Penalty for being wrong-footed on an entry point for a stock runs at least 20%. Occidental Petroleum, under accumulation by Warren Buffett, ticked in the sixties, now mid-forties. UnitedHealth hit a 12-month high, over $600, but got cut in half.  A three hundred dollar stock today. 


In a market correction which Tesla as yet hasn’t faced, it’s down from nearly $500 to three hundred. What can happen to Berkshire Hathaway selling at 170% of book value when Warren bows out of active portfolio management?


I own a dozen 10 dollar dogs that are starting to awaken. Macy’s, for example, and Cleveland Cliffs have come off the floor. Is American Airlines next? Just gimme a modest pickup in GDP. What about a rank oil play like Icahn Enterprises? Don’t overlook Ford either at eleven bucks and change. 


I don’t know the players  in Tesla. Are they using client capital or their own? Past year, TSLA was a bust up. You need an edge to trade ragamuffins. There’s little or no current research on them and you’ve got thin markets going in and coming out. 

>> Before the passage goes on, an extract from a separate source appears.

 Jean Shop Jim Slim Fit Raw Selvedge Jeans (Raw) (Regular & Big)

My old, old buddy, Gerry Goodman,  wrote a classic column “The Day They Red-dogged Motorola.” It dealt with a bunch of dumb bunny analysts who missed their quarterly numbers on Motorola and now were scrambling to bailout. No cell phones as yet. So, you needed a telephone booth and AT&T connection.

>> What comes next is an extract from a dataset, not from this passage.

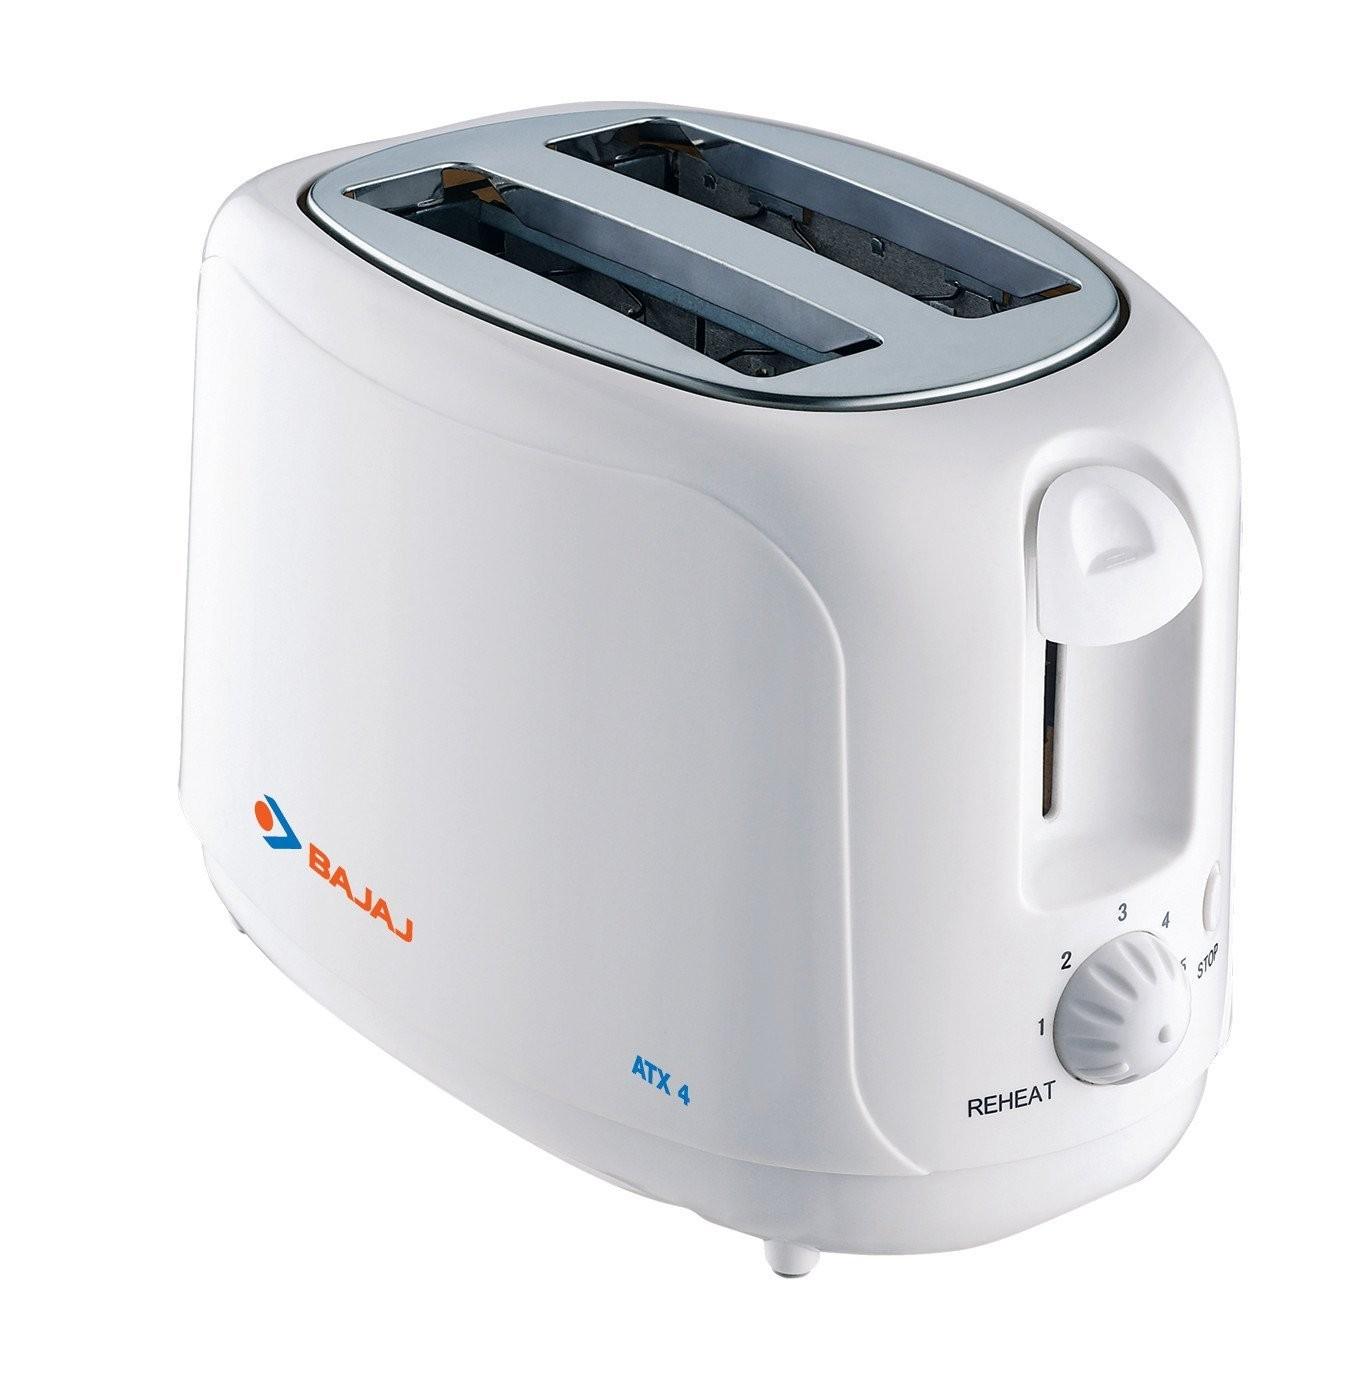 Bajaj Toaster ATX 4

Today, you can see comparable foul-ups in stocks like Tesla, Netflix and Salesforce. Even a bank, IBM or BABA can bounce around 4 or 5 points over a couple of hours trading. Consider a $700 stock, can play bouncy, bouncy ballie intra day. 


The size of your penalty for a dumb entry point on sale is normally a reflection of the market’s tone. If we’re in a bull movement, we are talking just a couple of points. But in a hyper sensitive setting 10% to 20% on your pick does evaporate overnight. 


Somewhat embarrassed, lemme air my stupidity on a current trade in Berkshire Hathaway which I’ve never owned no matter my respect for Warren Buffett. My thinking was BRK is a play on oil prices and Apple. Both can levitate in a rallying market. 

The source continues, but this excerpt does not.